Let’s put egrep to action with the regular expression having $’\t’ representation for tab character:
$ egrep -o '[a-zA-Z0-9]+'$'\t+[a-zA-Z0-9]+' data.txt
a1 b1
a2 b2
c2 d2
b3 c3
e3 f3
Like earlier, we got the correct results. Further, we used the -o option to show only the substring that matches the pattern.
5. Using awk
The Awk programming language is quite suitable for pattern search and processing. Moreover, regular expressions are one of its core fundamental parts.

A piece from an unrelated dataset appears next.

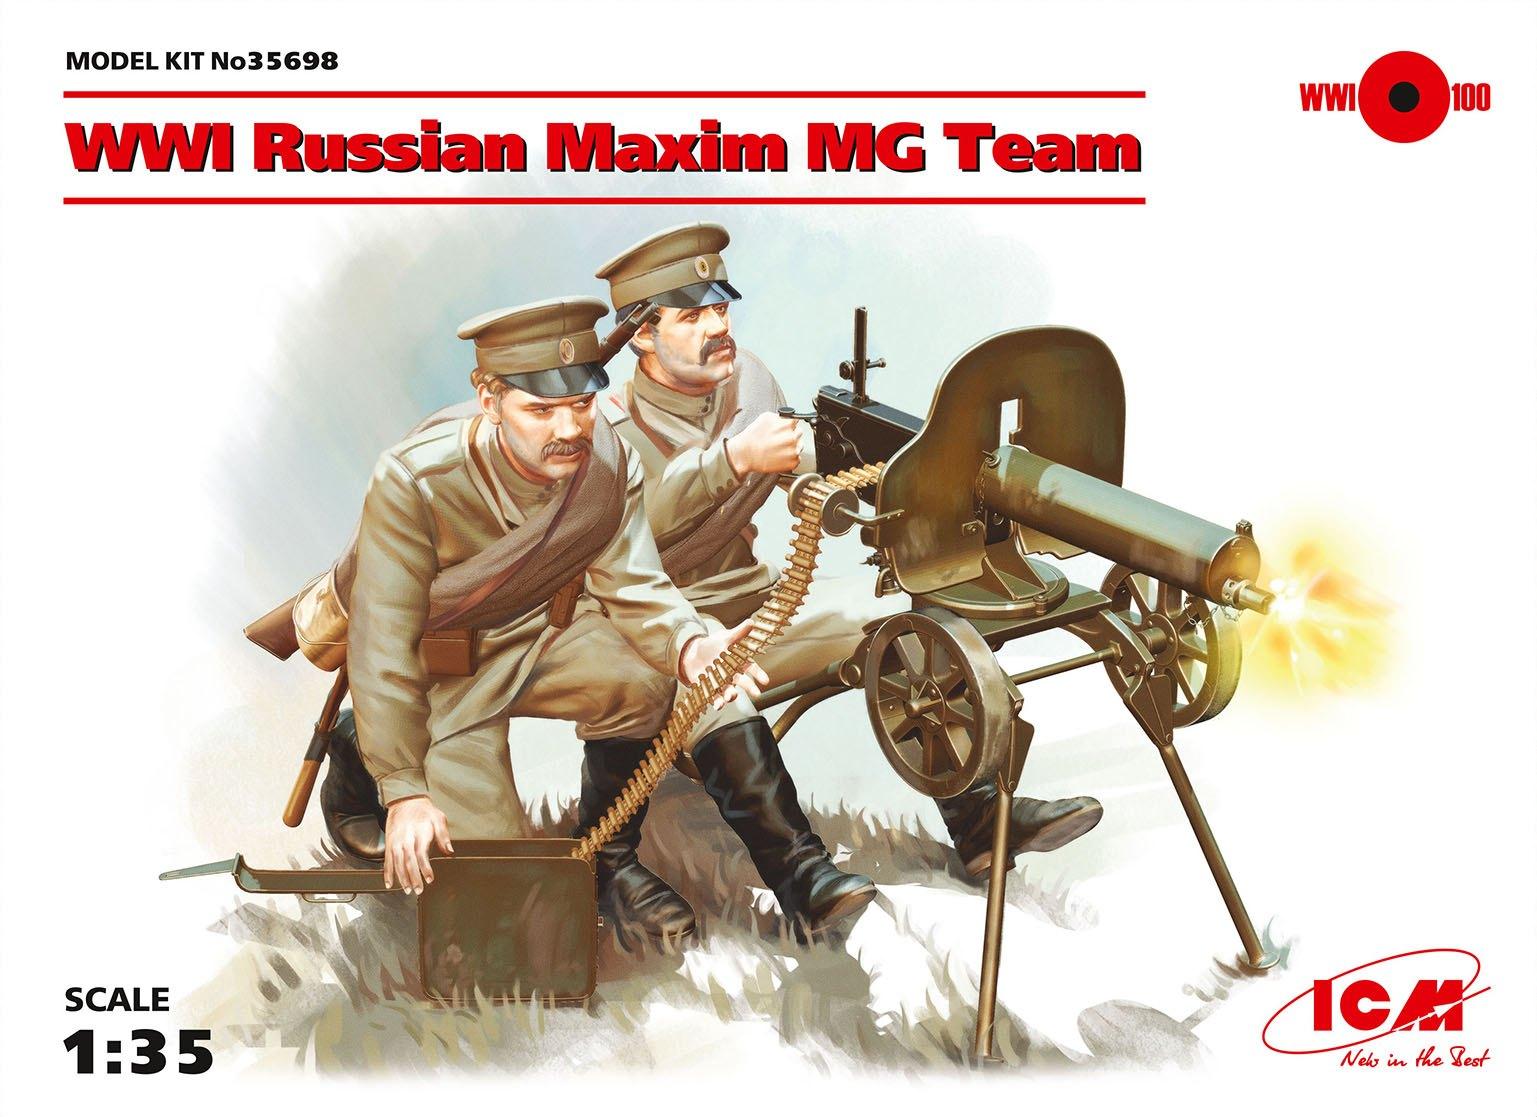 ICM 1/35 WWI Russian Maxim MG Team (2 figures)

We can use the match() function to match a string with a pattern. On a successful match, awk sets the RSTART and RLENGTH variables internally to the index of the first matching character and length of the matching substring, respectively.
Now, let’s write the search.awk script to search and print all occurrences of two words separated by a tab:
$ cat search.awk
{
while (match($0, /[a-z0-9]+\t+[a-z0-9]+/)) {
print substr($0, RSTART, RLENGTH);
$0 = substr($0, RSTART + RLENGTH);
}
}
We used the substr() function to extract the matching substring from the current record ($0). Additionally, we removed the matching part from $0 and continued the search iteratively.
Lastly, let’s run the search.awk script and see it in action:
$ awk -f search.awk data.txt
a1 b1
a2 b2
c2 d2
b3 c3
e3 f4
We can see all the expected matches. It looks like we nailed this one!
6. Conclusion
In this article, we learned how to grep a pattern containing a tab character. Furthermore, we learned about different options with grep, such as -E, -o, and -P, while solving the use case.
Lastly, we wrote an awk program using match() and substr() functions to print the substrings that match the pattern.